Nfld. & Labrador

Mistaken Point being evaluated in UNESCO World Heritage bid

A rare collection of sea fossils on the southeastern tip of Newfoundland is a step closer to possibly being named a UNESCO World Heritage Site.
The fossils embedded in rock at Mistaken Point are more than 565 million years old. (Submitted by Zach Bonnell)

A rare collection of sea fossils on the southeastern tip of Newfoundland is a step closer to possibly being named a UNESCO World Heritage Site.

The province says an official with the International Union for the Conservation of Nature will visit the Mistaken Point ecological reserve next week.

Mistaken Point is home to the oldest-known evidence of early multi-cellular life — a 565-million-year-old sea floor that's been slowly exposed by the pounding Atlantic surf.

The province says most of the fossils at the site belong to ancient creatures that are long extinct.

Next week's field visit is part of a larger evaluation process by international experts.

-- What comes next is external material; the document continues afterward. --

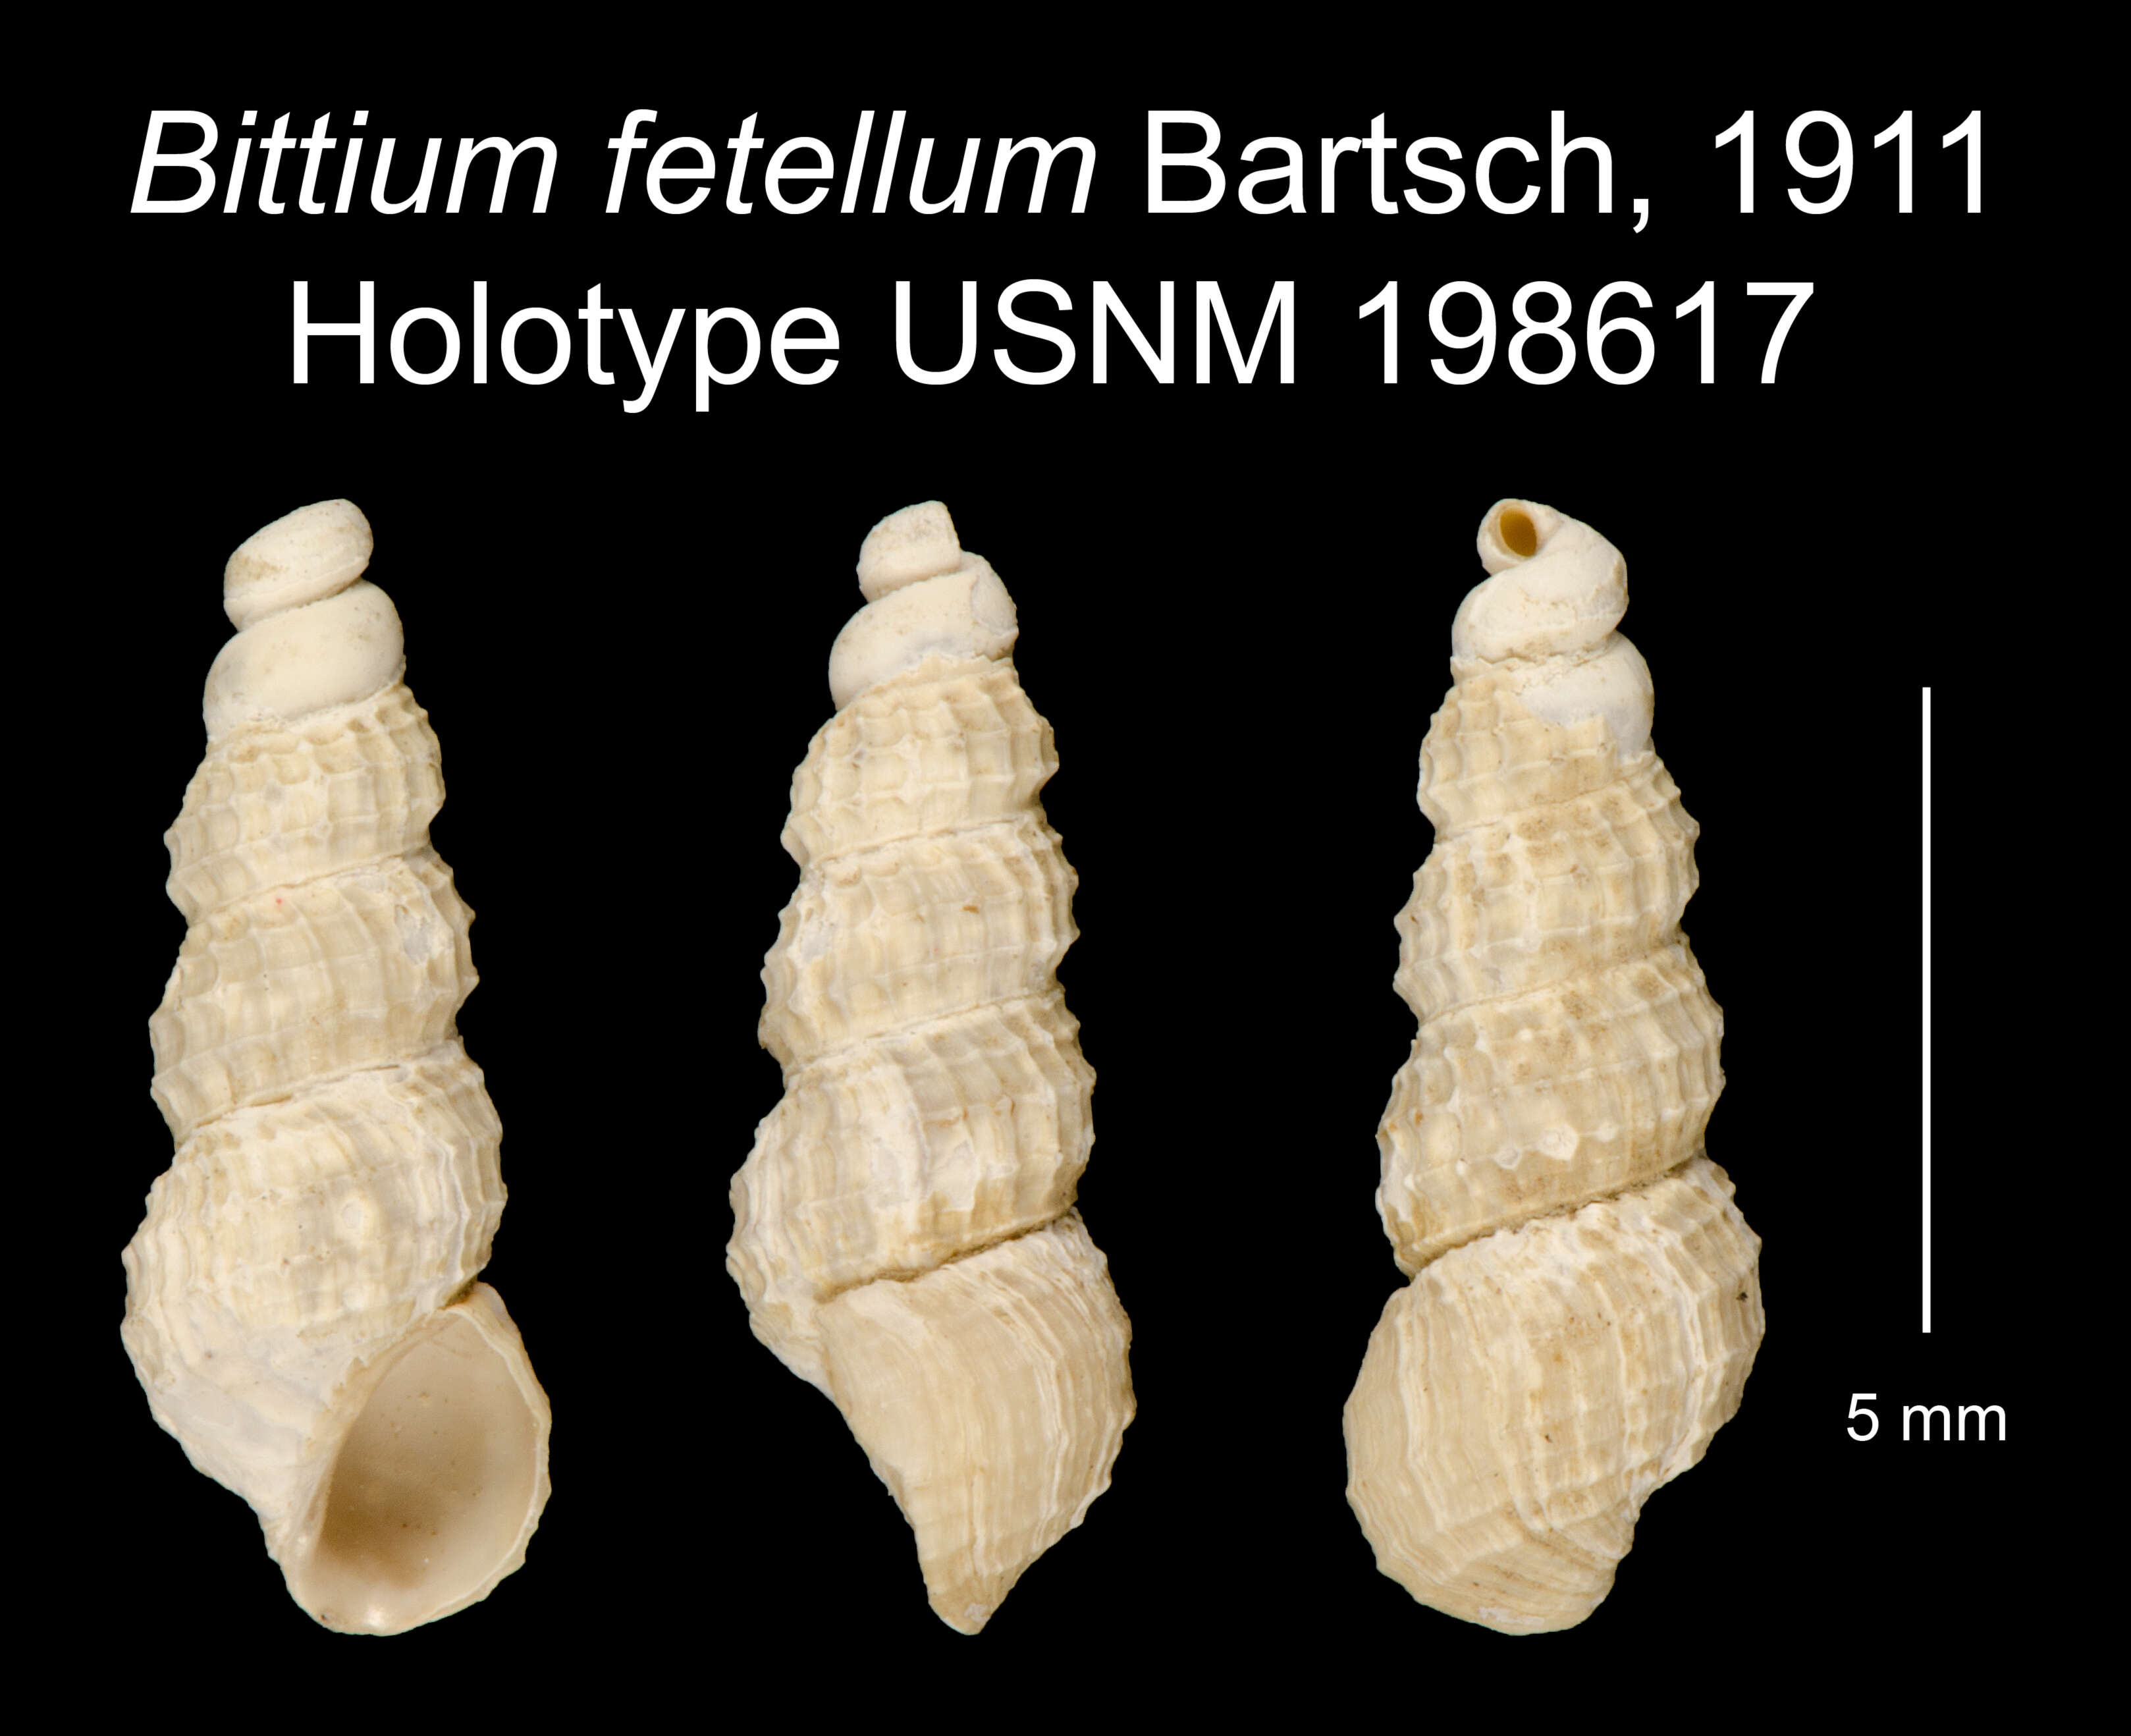 Image of Lirobittium fetellum (Bartsch 1911)

The UNESCO World Heritage Committee will make a final decision at its annual meeting next July in Istanbul, Turkey.

If Mistaken Point is successful in its bid, the government says it would be the first UNESCO site managed by the province and the only one on the island's east coast.

Out of the 1,031 World Heritage Sites around the globe, three are in found in Newfoundland and Labrador.

They include Gros Morne National Park, the L'Anse Aux Meadows National Historic Site and the Red Bay Basque Whaling Station.